The way Kennedy approached strategy is much more powerful and compelling than the way most companies and teams approach strategy. He went straight to describing the future state he was committing to in a very simple, clear and powerful way: ‘Man on the moon and back safely by the end of the decade’.
He did not look to the past to determine if his vision was feasible. In fact, after consulting with Vice President Johnson, NASA Administrator James Webb, and other officials, he concluded that landing an American on the Moon would be a very challenging technological feat.
But Kennedy didn’t approach his declaration casually. He didn’t put it out there and then stand aside to see if it would work. Instead, he marshaled his resources to pursue his dream, fulfill it and prove his vision right!
And as we all know, the Man on the Moon story had a happy ending, as Kennedy’s goal was achieved on July 20, 1969 when Apollo 11 commander Neil Armstrong stepped off the Luna Module’s ladder and onto the Moon’s surface.
Create your vision
You can use the same approach as Kennedy used to create your own team or personal vision.

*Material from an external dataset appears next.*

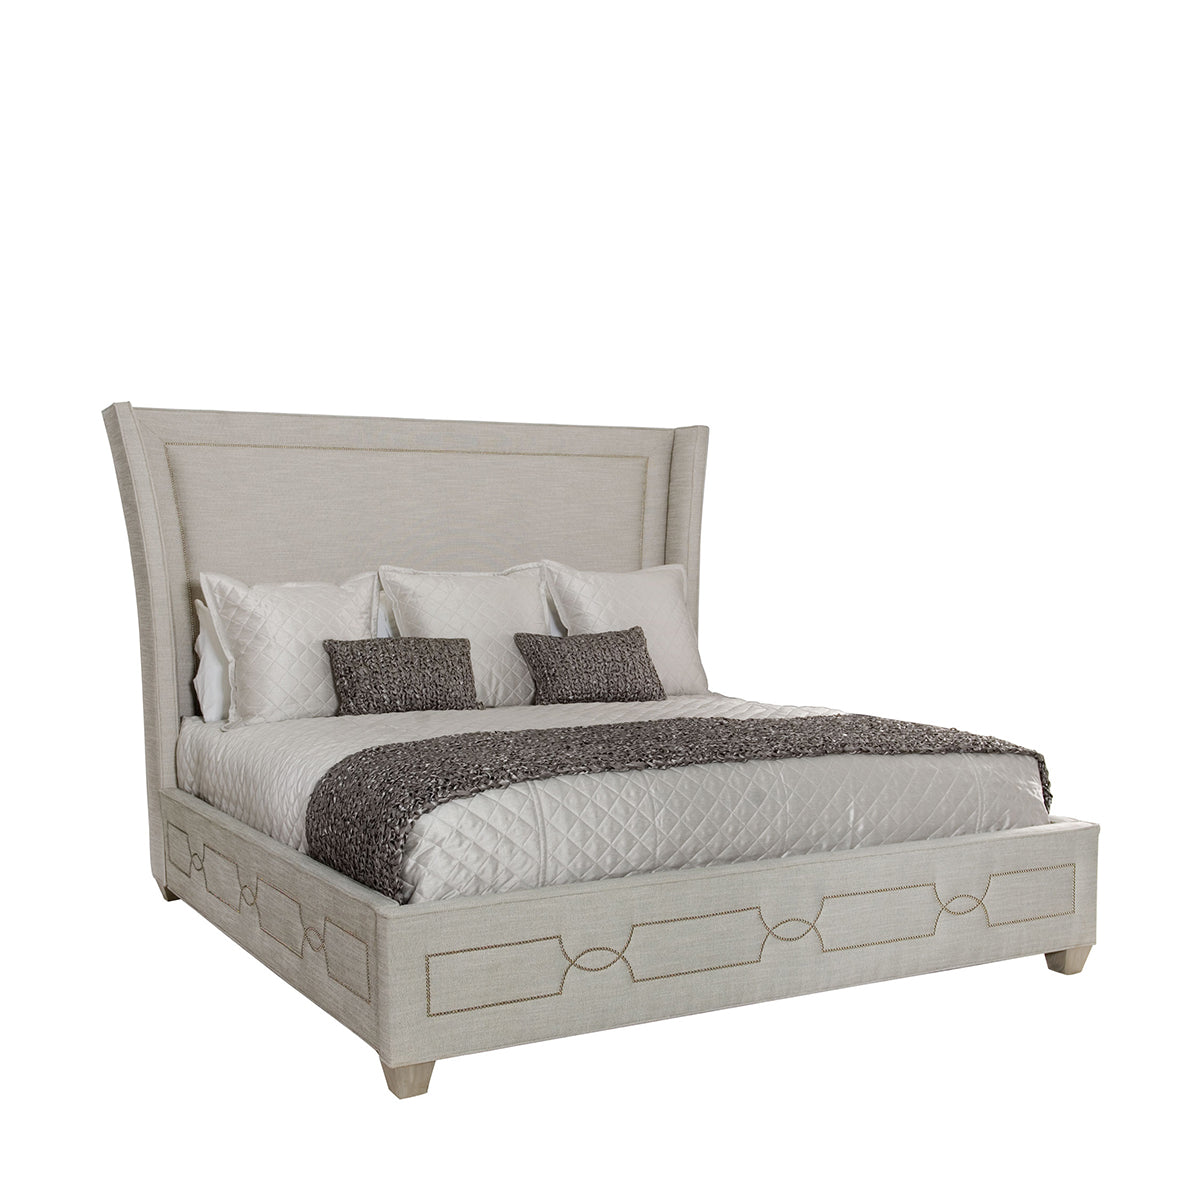 CRITERIA UPHOLSTERED BED

Start the vision development by placing yourself in a future time. Then, from that place, articulate the outcomes and future state that you are committed to. Then think your way back from that future state to the present, in order to create your milestones and execution plan.
So often teams try to derive realistic objectives by running numbers and trying to foresee all the circumstances that could affect their outcome. I strongly advise against that!
Make sure your strategy development exercise is not merely an accounting exercise, informed by a bit of leadership. In fact, do it the opposite way. Make sure your exercise is a leadership exercise, informed by a bit of accounting.
The accounting part helps you bring some realism, feasibility, confidence and believability to your bold future vision. When Kennedy promised the Moon, even though the key technologies did not exist, he was encouraged by the fact that the USA was leading the global space exploration race.
However, if your goal is predicated too much on accounting assumptions, this will diminish your ambition to the mere predicable. And, if your goal becomes too realistic and doable, it will lose the exciting thrill and adventurous feeling associated with taking on something that has never been done before.
In addition, if your vision is conditional upon certain predictions and assumptions, the minute these circumstances evolve and these assumptions change the entire vision could become invalid.
I have had the chance to help teams and individuals generate bold strategies for many years. I have seen a great number of them achieve extraordinary results beyond their expectations this way.
People always emerged from this exercise extremely energized, with high levels of ownership and commitment every time.
You should try it within your own team and in your own life!